Nearly all of us buy into what we call the myths of happiness—beliefs that certain adult achievements (marriage, kids, jobs, wealth) will make us forever happy and that certain adult failures or adversities (health problems, divorce, financial struggles) will make us forever unhappy. Overwhelming research, however, reveals that there is no magic formula for happiness and no sure course toward misery. Rather than bringing lasting happiness or misery in themselves, major life moments and crisis points can be opportunities for renewal, growth, or meaningful change. It’s how you greet these moments that really matters.
Genetics
A very famous study was conducted by David Lykken, at Minnesota’s University who in 1990 studied 4,000 pairs of twins, both identical and fraternal twins, who had been educated in the same way and with equal opportunities. Lykken was the proponent of a set-point theory of happiness, which argues that one’s sense of well-being is half determined by genetics and half determined by circumstances. His research findings suggest that a person’s baseline levels of cheerfulness, contentment, and psychological satisfaction are largely a matter of heredity.
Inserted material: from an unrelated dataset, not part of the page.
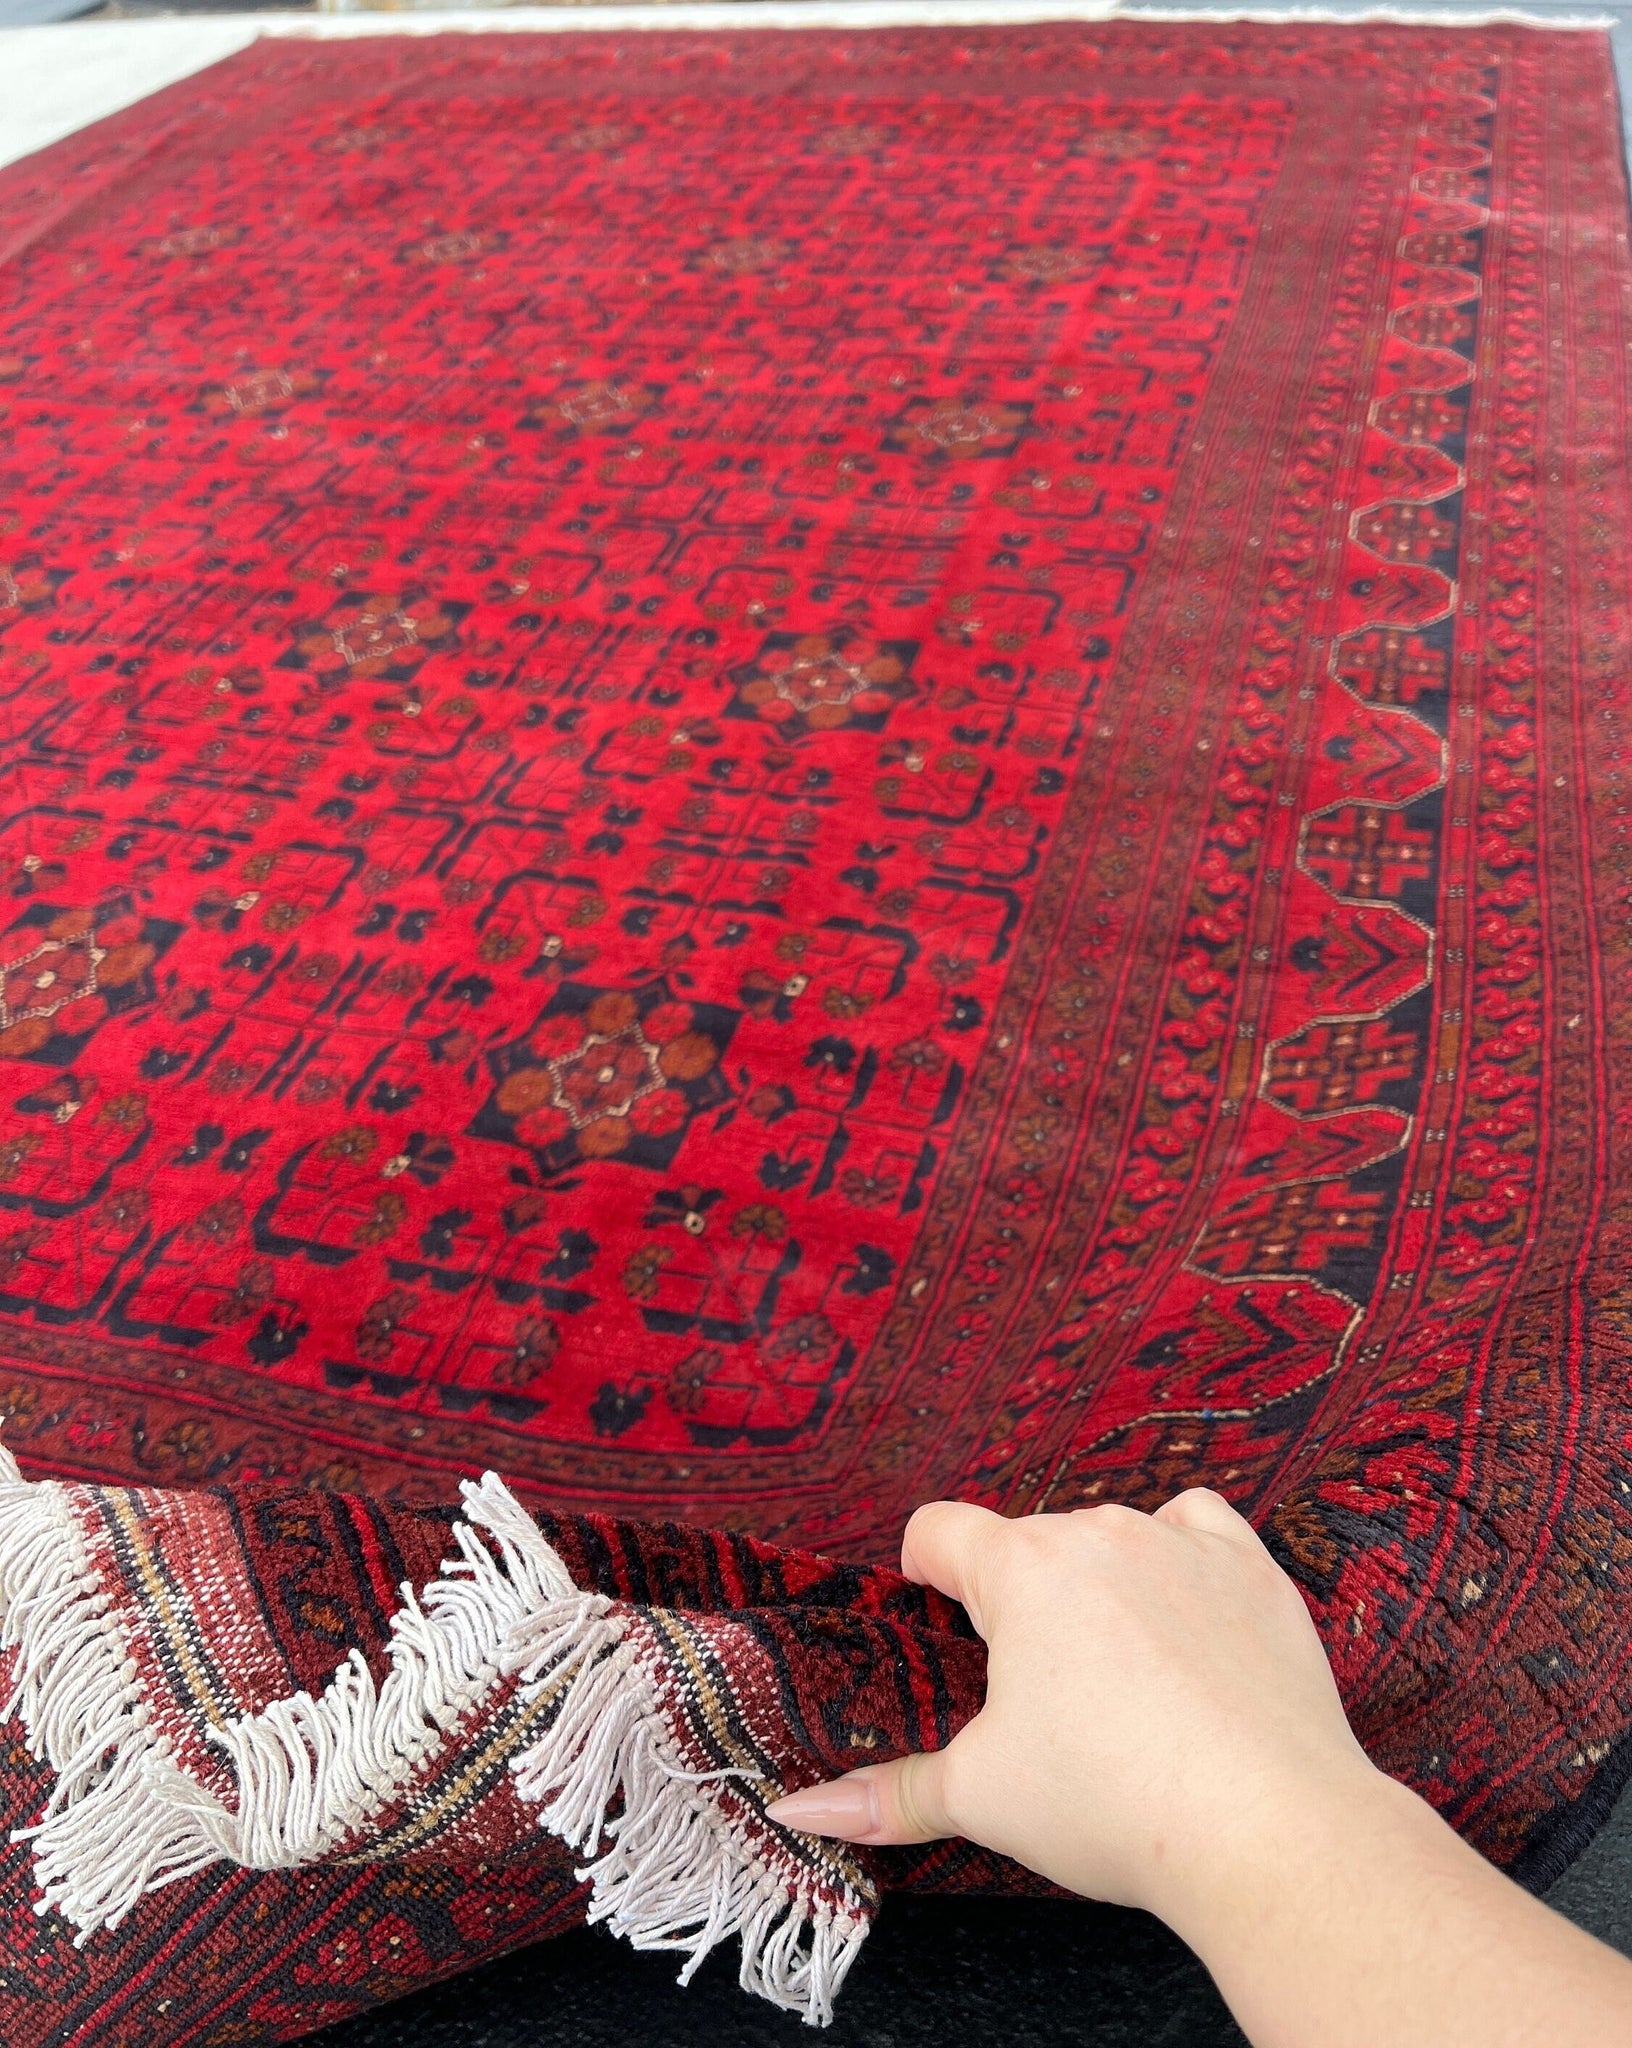 9x12 (270x365) Handmade Afghan Rug | Cherry Red Brick Red Black Burnt Orange Brown | Hand Knotted Oriental Turkish Wool Persian Floral Boho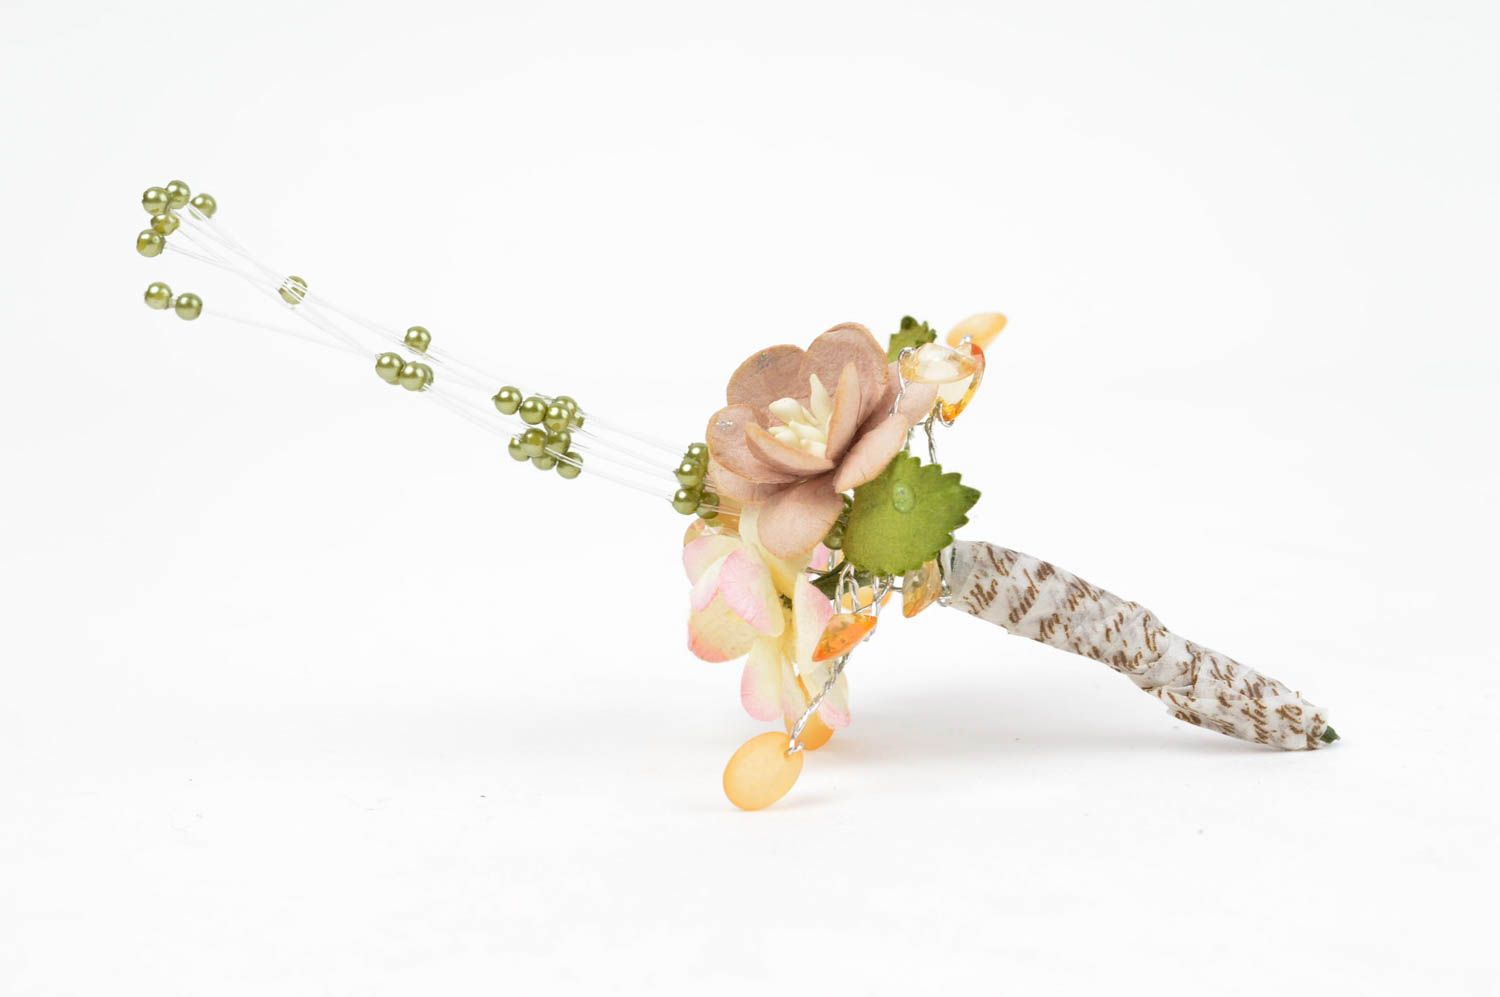 Handmade bouquet designer bouquet interior decor gift ideas artificial flowers photo 2

Then, saying that genetics determined your happiness, it’s half true.
Specific Achievements
Many of us fervently believe that, if we’re not happy now, we’ll be happy when we’ve finally made it—when we have reached a certain level of prosperity and success. However, when that happiness proves elusive or short-lived, we weather mixed emotions, letdown, and even depression. When we’ve achieved—at least on paper—much of what we have always wanted to achieve, life can become dull and even empty. There is little around the corner to look forward to. Many prosperous and successful individuals don’t understand this natural process of adaptation, and may come to the conclusion that they need even more money to be truly happy. They do not realize that the key to buying happiness is not in how successful we are, but perhaps what we do with our success; it’s not how high our income is, but how we allocate it.
In her book “Myths of happiness“, Sonja Lyubomirsky, professor of psychology at the University of California, says that the idea of ”I will be happy when… ” is a false promise.
What happens is that once the euphoria passes, the feeling of dissatisfaction will appear again. Then we spend our whole lives chasing an achievement after another without enjoying what we are. The same author notes that another myth equally widespread and harmful is the belief “I will not be happy if… When you suffer a change of adverse fortune, our reaction is usually oversized” says Lyubomirsky. “So we feel that we cannot be happy again, and life as we know it has already finished”.
We must understand that personal fulfillment cannot be subject to conditions, because life is changing and we will always swing between positive and negative experiences. By accepting the ups and downs of existence, we can ensure unconditional welfare and the capacity to face the inevitable hardships of life.
Money
One survey of 1,000 Americans, conducted in 2010, concluded that money does make us happier – but only up to a certain point. The findings, by psychologist Daniel Kahneman and economist Angus Deaton, both from Princeton University, showed that self-reported levels of wellbeing increased with salary up to $75,000 (roughly £50,000) a year. But after that, increasing amounts of money had no further effect on happiness.
However, a more recent study, published by researchers at the University of Michigan in 2013, challenged the idea that the positive effect of money plateaus. After comparing life satisfaction and happiness levels in both rich and poor countries, and rich and poor people within a country – with “rich” being defined as an income greater than $15,000 (roughly £10,000) per person – Betsey Stevenson and Justin Wolfers concluded: “The relationship between wellbeing and income … does not diminish as income rises. If there is a satiation point, we are yet to reach it.”
So does money make us happier? Well, yes and no. We need enough to cover our basic needs, and a rising salary can impact our wellbeing, but we also need to remember the positive effects of generosity and building relationships. Perhaps our focus should be less on how much money we have, and more on how we use it.
Stop waiting for certain things to happen is a good key to be happy. By releasing beliefs about happiness, we will be closer to get it on our own, encouraging a lifestyle that allows us to be at peace with ourselves while we are useful for others.
The good news is that there are no magic formulas to reach happiness. Each of us must discover our own recipe.